しおりを挟む3人を1泊泊めた次の日、午前中また作戦会議をして別れていった。後に僕は会議内容をまとめて明日へと備えた・・・
イベント開催日。
暑い夏が終わり徐々に日の出が遅くなるこの頃。午前中を使い3階の階全てにトラップをしかけていく。
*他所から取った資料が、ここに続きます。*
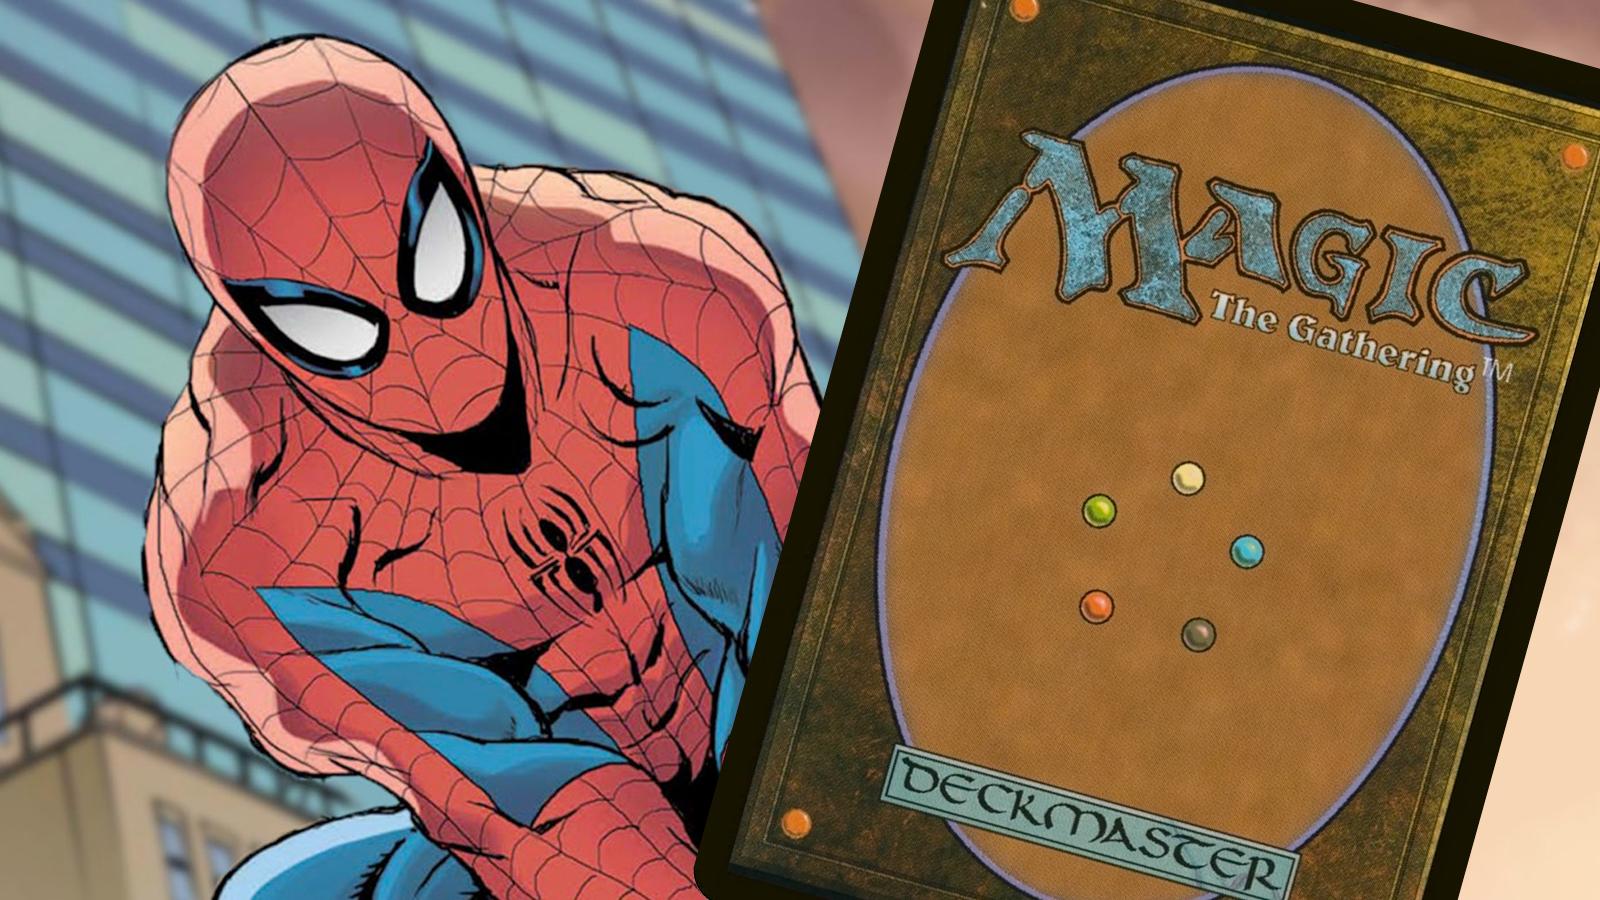 Marvel Crossovers To Magic: The Gathering Universe In 2025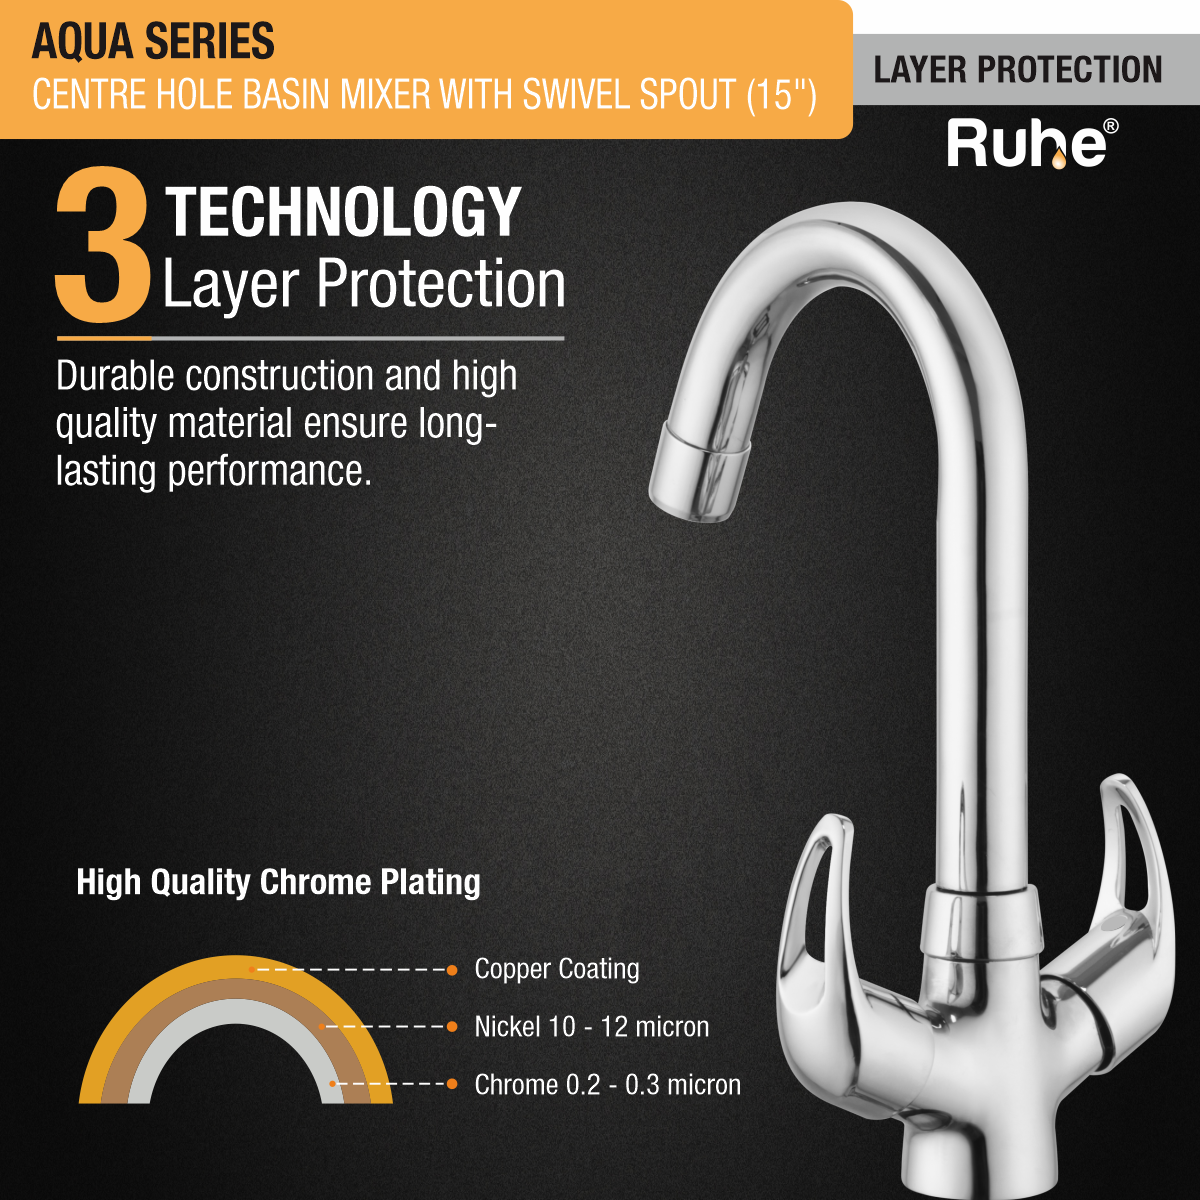 Aqua Centre Hole Basin Mixer with Medium (15 inches) Round Swivel Spout Faucet 3 layer protection

朝6時というかなり早い時間に1年の生徒たちは登校してくる。・・・一応、強制はしていない。早く来れる人は朝早く登校してもらう事を伝えただけだ。・・・だが誰1人遅刻せずみんな集まった。みなさん、真面目だねぇ。
「・・・なに、これ?」
「あら薫風くん、お似合いですわよ?」
「陽南さんもその格好・・・」
「うわぁ見てくれよー!すっごい派手!金だよ金!・・・え、本物なんて使ってないよね!?軽いもんね?」
「ははっ!執事殿、よくお似合いですよ~。」
「薫風ー俺は~?」
「・・・うん、一目みて『王様!』ってわかる衣装だね。似合ってるよ克典。」
「薫風がそーゆーならいっかー。」
・・・イベント毎に衣装を作る令嬢4人。あー目に令嬢らしからぬ隈がくっきり。・・・そんなに衣装に力入れなくてもいいのに・・・
王様、王妃様は名前の通り冠とティアラを頭に乗せキラキラな衣装を来てますよー。なんというか、簡潔にいえばイギリス風?の王子や王様が着ているような感じ。髪に合わせてか黒の衣装に外側は金、内側は赤の重たそうなマント、ローブガウン?っていうのかな。・・・マント、いらなくね?なんか似合わない。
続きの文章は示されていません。